▶ _Given entries_:
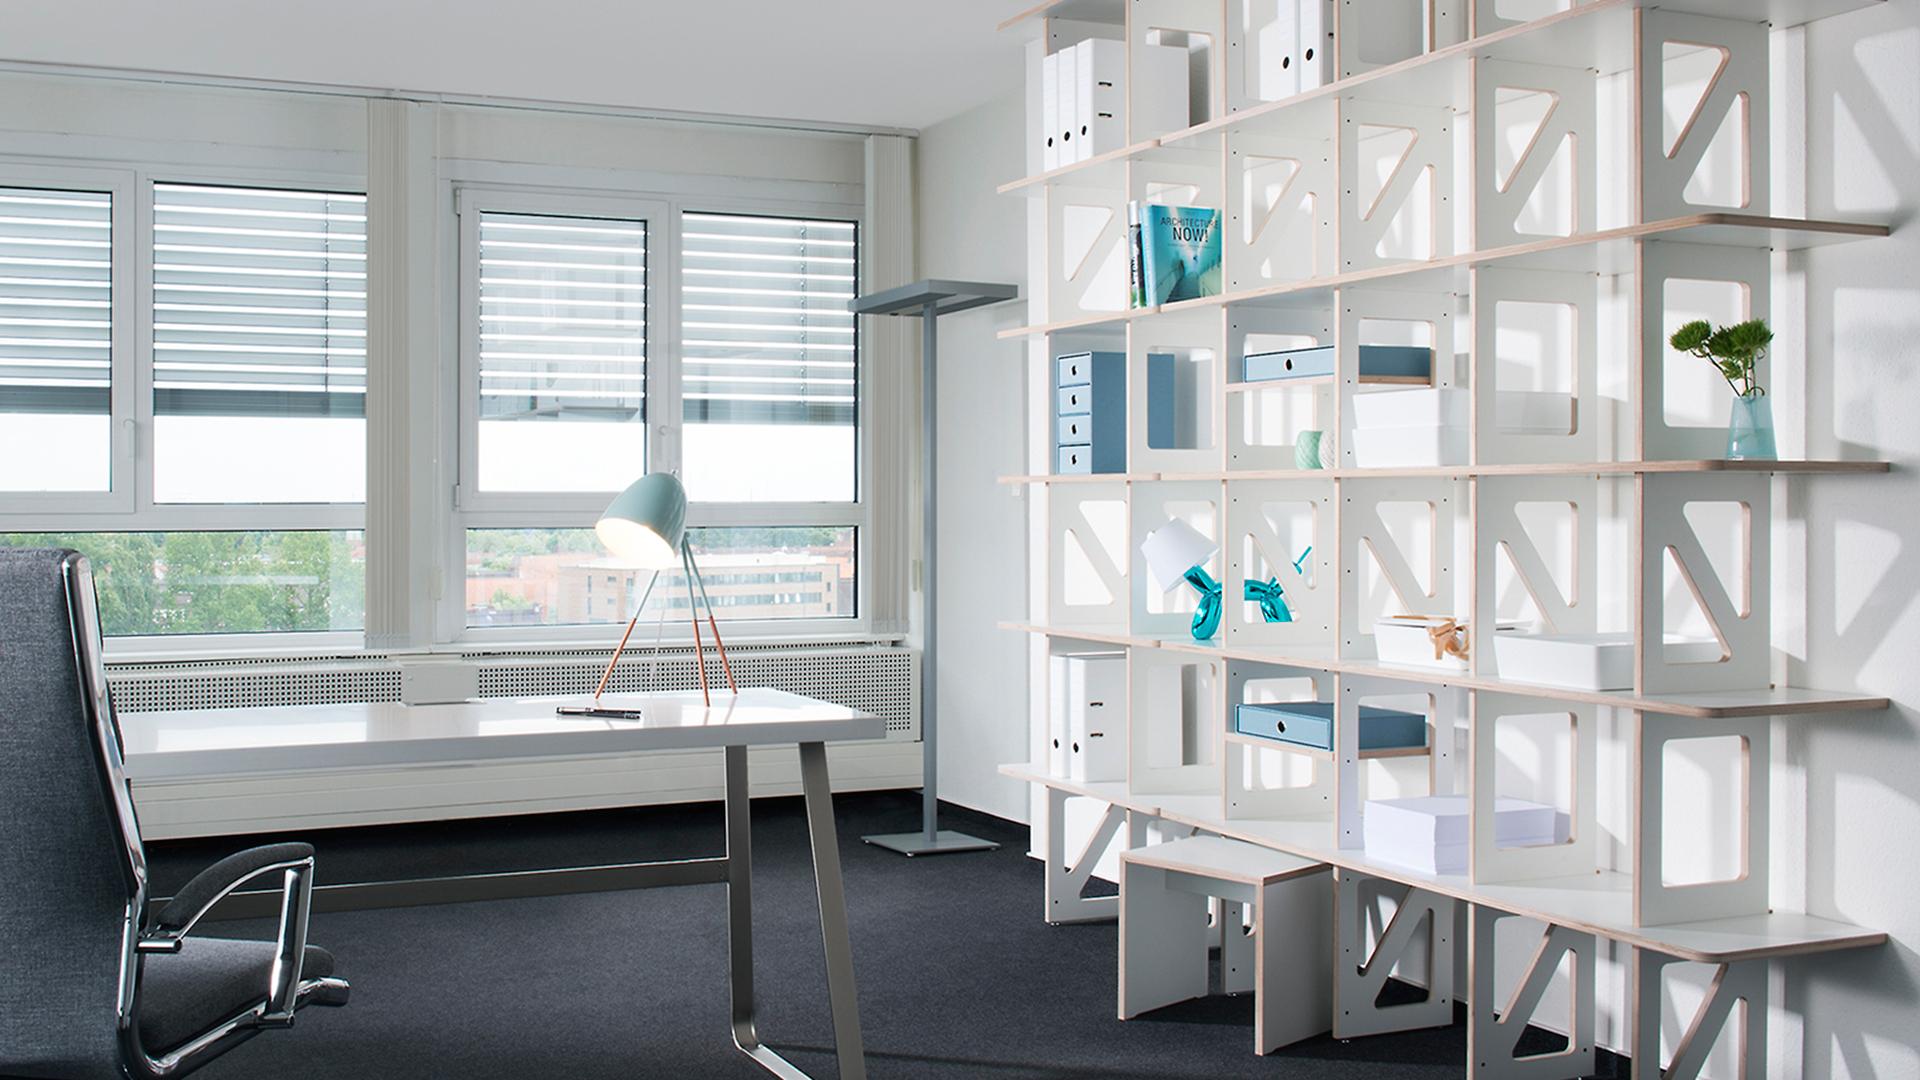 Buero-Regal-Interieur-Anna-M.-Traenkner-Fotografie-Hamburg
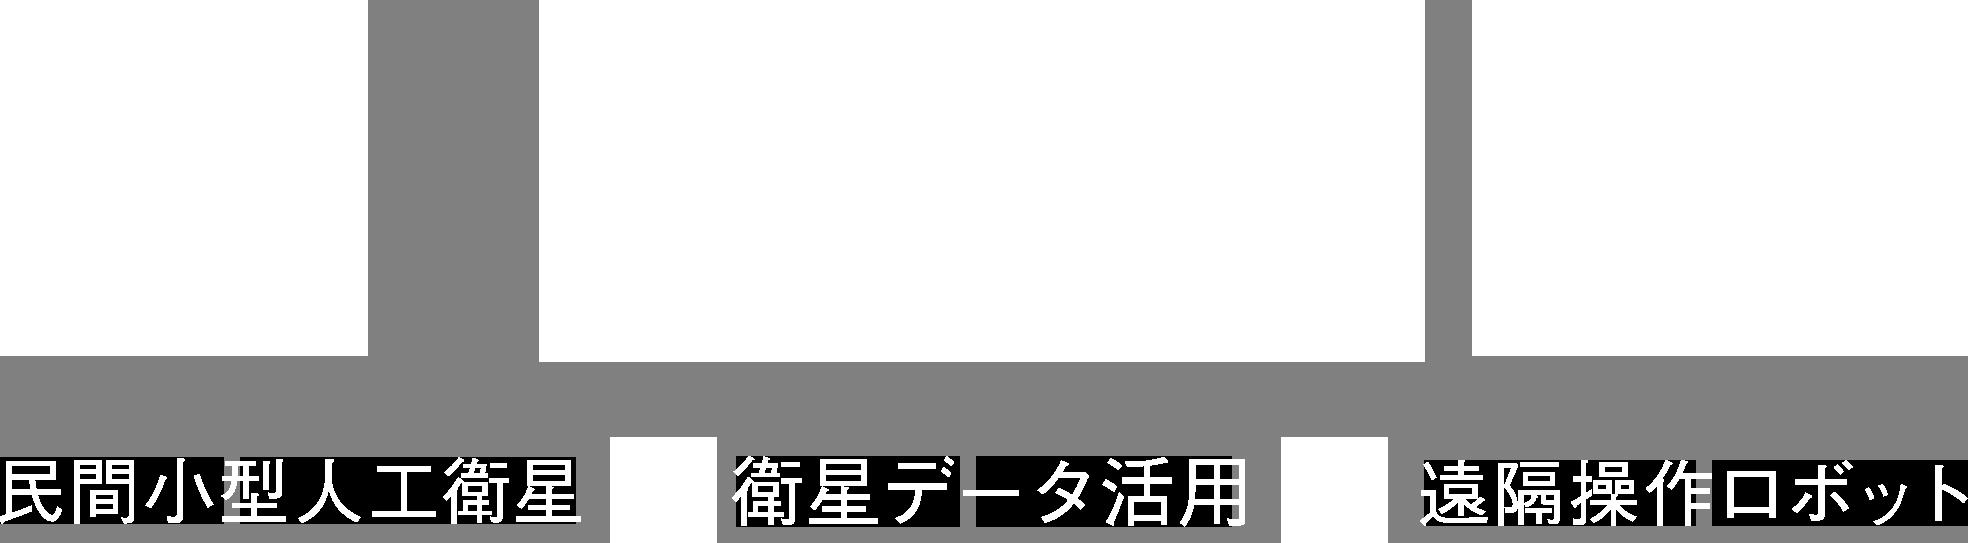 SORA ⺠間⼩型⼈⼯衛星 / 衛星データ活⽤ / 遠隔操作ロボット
--
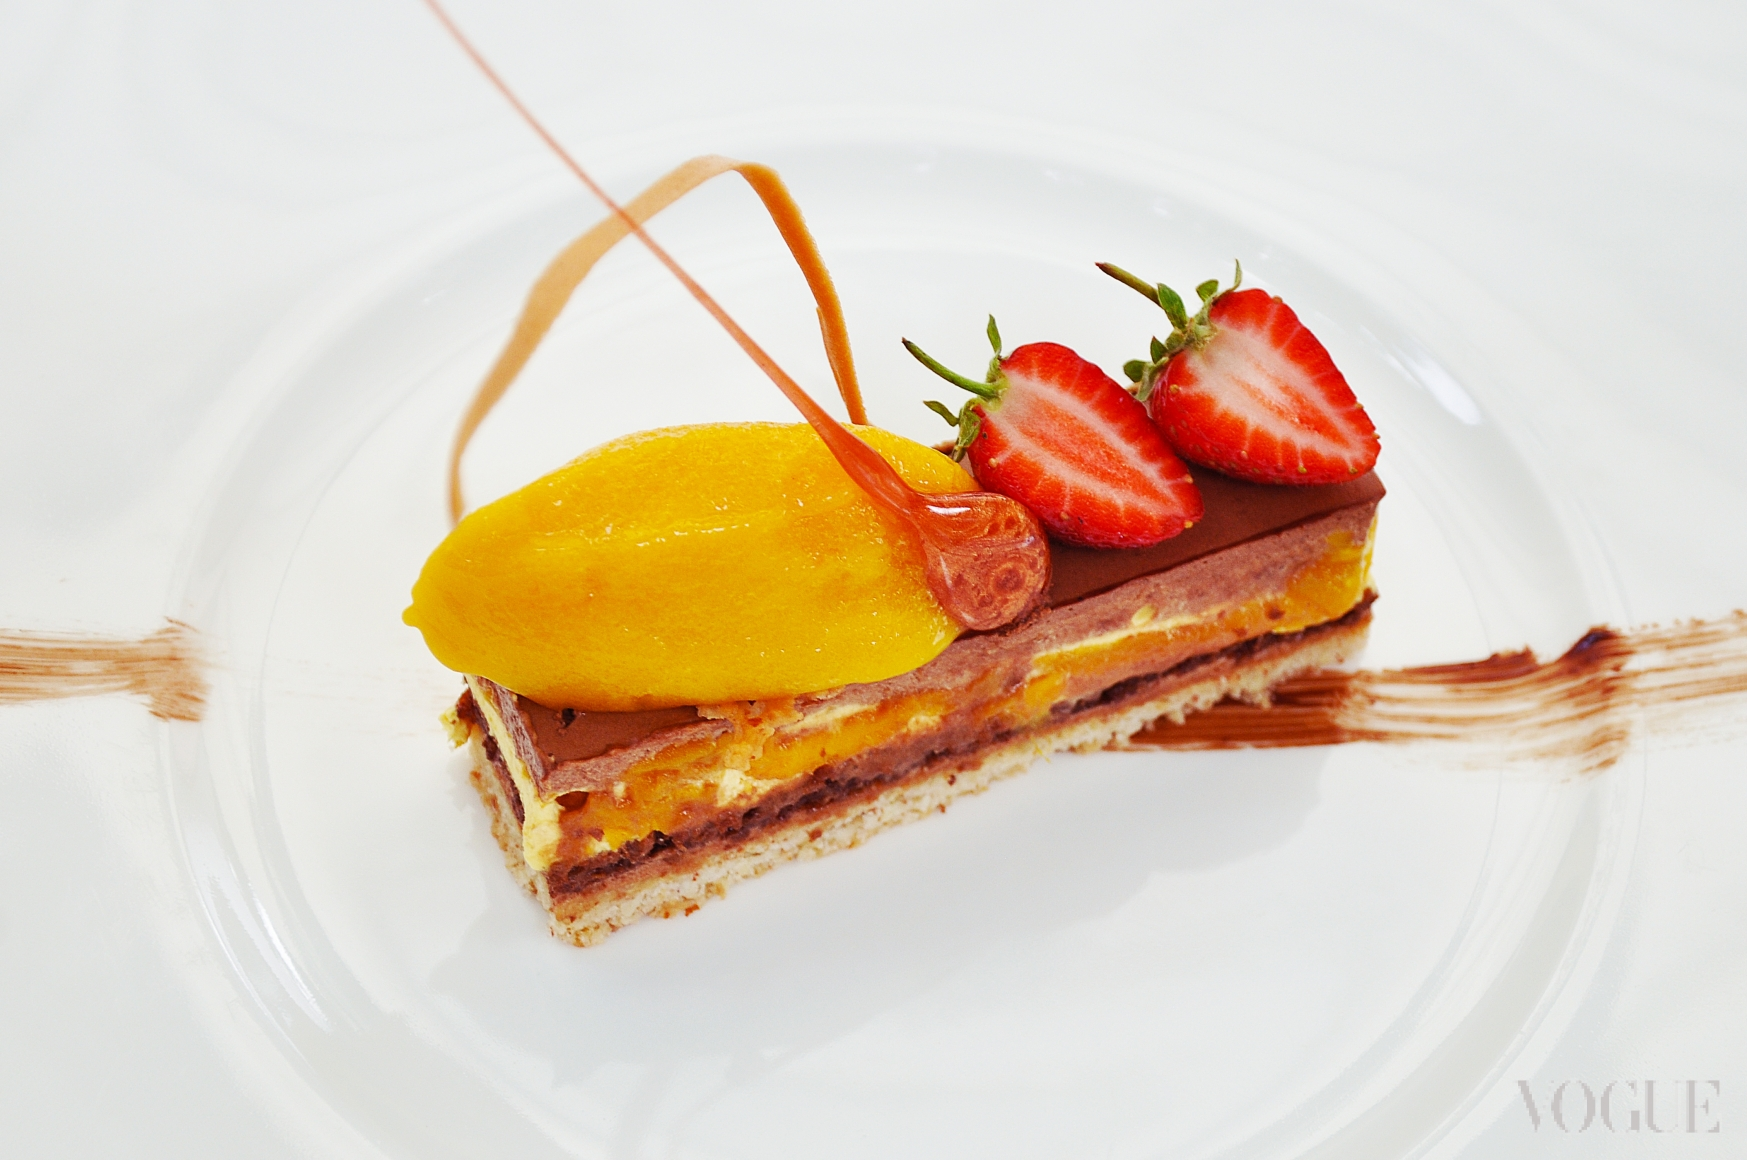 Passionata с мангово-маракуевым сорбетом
* * *
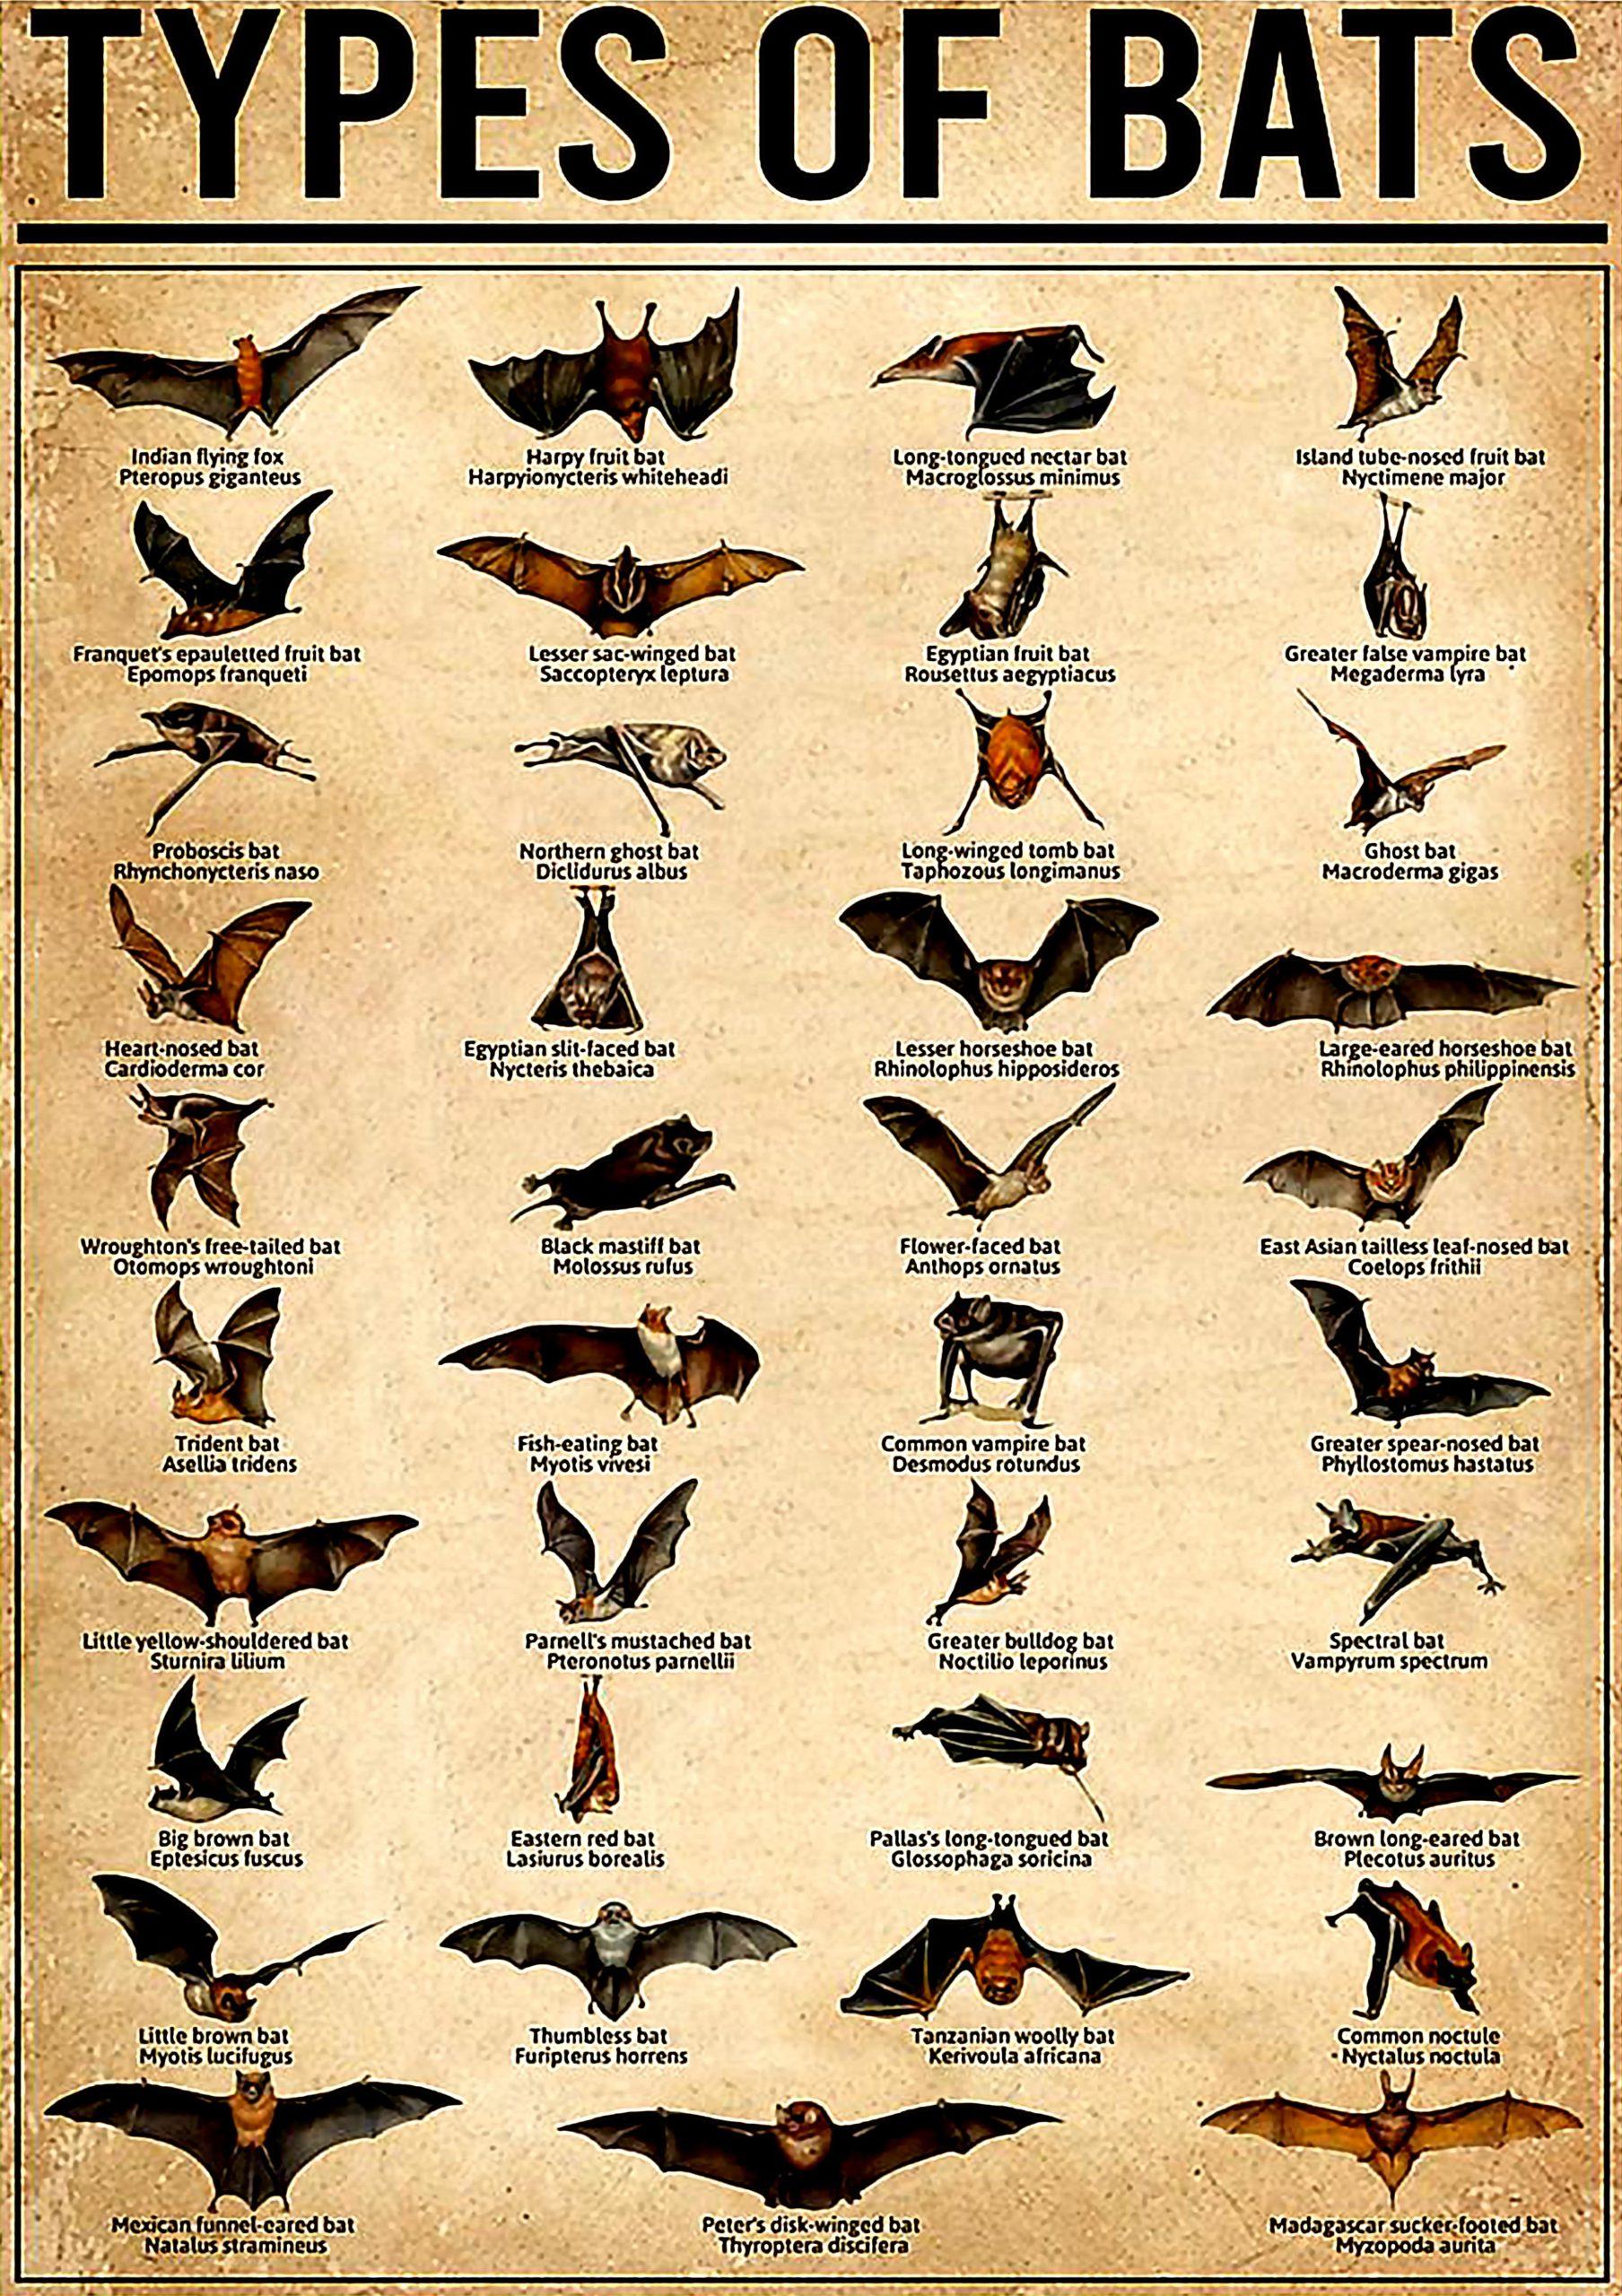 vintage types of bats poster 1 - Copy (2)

▶ _About this exercise_:
Each line from the one that contains "Buero-Regal-Interieur-Anna-M.-Traenkner-Fotografie-Hamburg" down to the one that contains "SORA ⺠間⼩型⼈⼯衛星 / 衛星データ活⽤ / 遠隔操作ロボット" is to be returned exactly as it stands above, both ends included, with pictures removed.

▶ _Solution to this problem_:
 Buero-Regal-Interieur-Anna-M.-Traenkner-Fotografie-Hamburg
 SORA ⺠間⼩型⼈⼯衛星 / 衛星データ活⽤ / 遠隔操作ロボット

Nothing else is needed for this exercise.